Three real-world DKIM TXT records covering the three patterns you see most often: a Google Workspace selector, an M365 selector, and a SendGrid / transactional-platform selector. Selector names vary by sending platform; the record format is the same.

Google Workspace selector (google._domainkey)
google._domainkey.example.com  TXT  v=DKIM1; k=rsa; p=MIIBIjANBgkqhkiG9w0BAQEFAAOCAQ8AMIIBCgKCAQEAl4...
Standard Google Workspace selector. Activate in Admin Console → Apps → Google Workspace → Gmail → Authenticate email.
Microsoft 365 selector (selector1._domainkey)
selector1._domainkey.example.com  TXT  v=DKIM1; k=rsa; p=MIIBIjANBgkqhkiG9w0BAQEFAAOCAQ8AMIIBCgKCAQEAr...
M365 publishes a CNAME at selector1 / selector2 that points to Microsoft's key host.
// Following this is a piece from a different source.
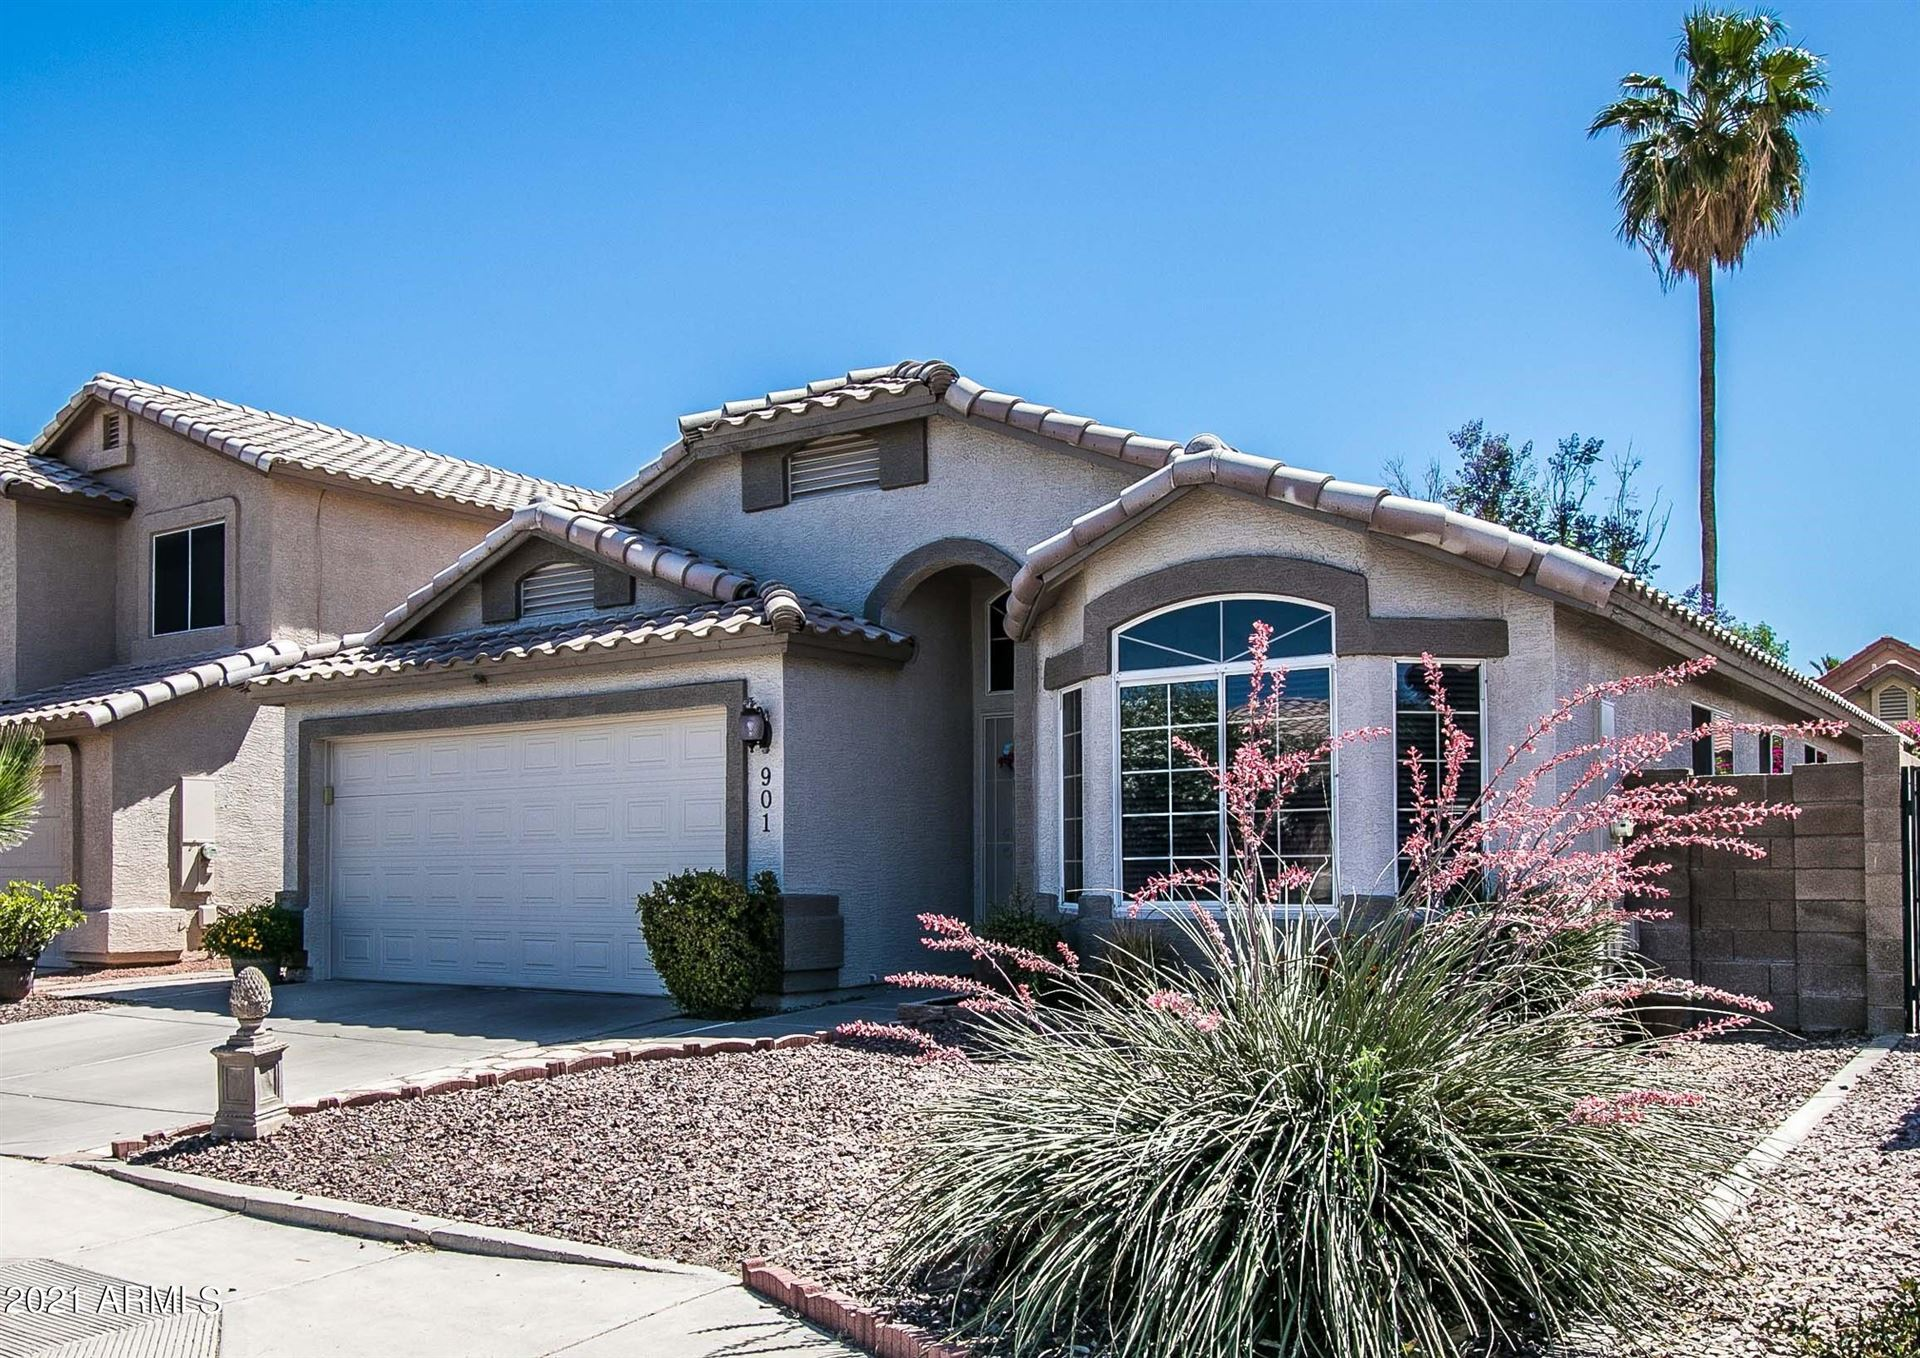 Photo of 901 N ALBERT Drive, Chandler, AZ 85226 (MLS # 6234028)

Enable in Microsoft Defender → Email & collaboration → DKIM.
Third-party platform selector (SendGrid example)
s1._domainkey.example.com  TXT  v=DKIM1; k=rsa; p=MIIBIjANBgkqhkiG9w0BAQEFAAOCAQ8AMIIBCgKCAQEAr8u7...
Marketing / transactional platforms each define their own selector convention. The validator above lets you check any selector + domain pair in seconds.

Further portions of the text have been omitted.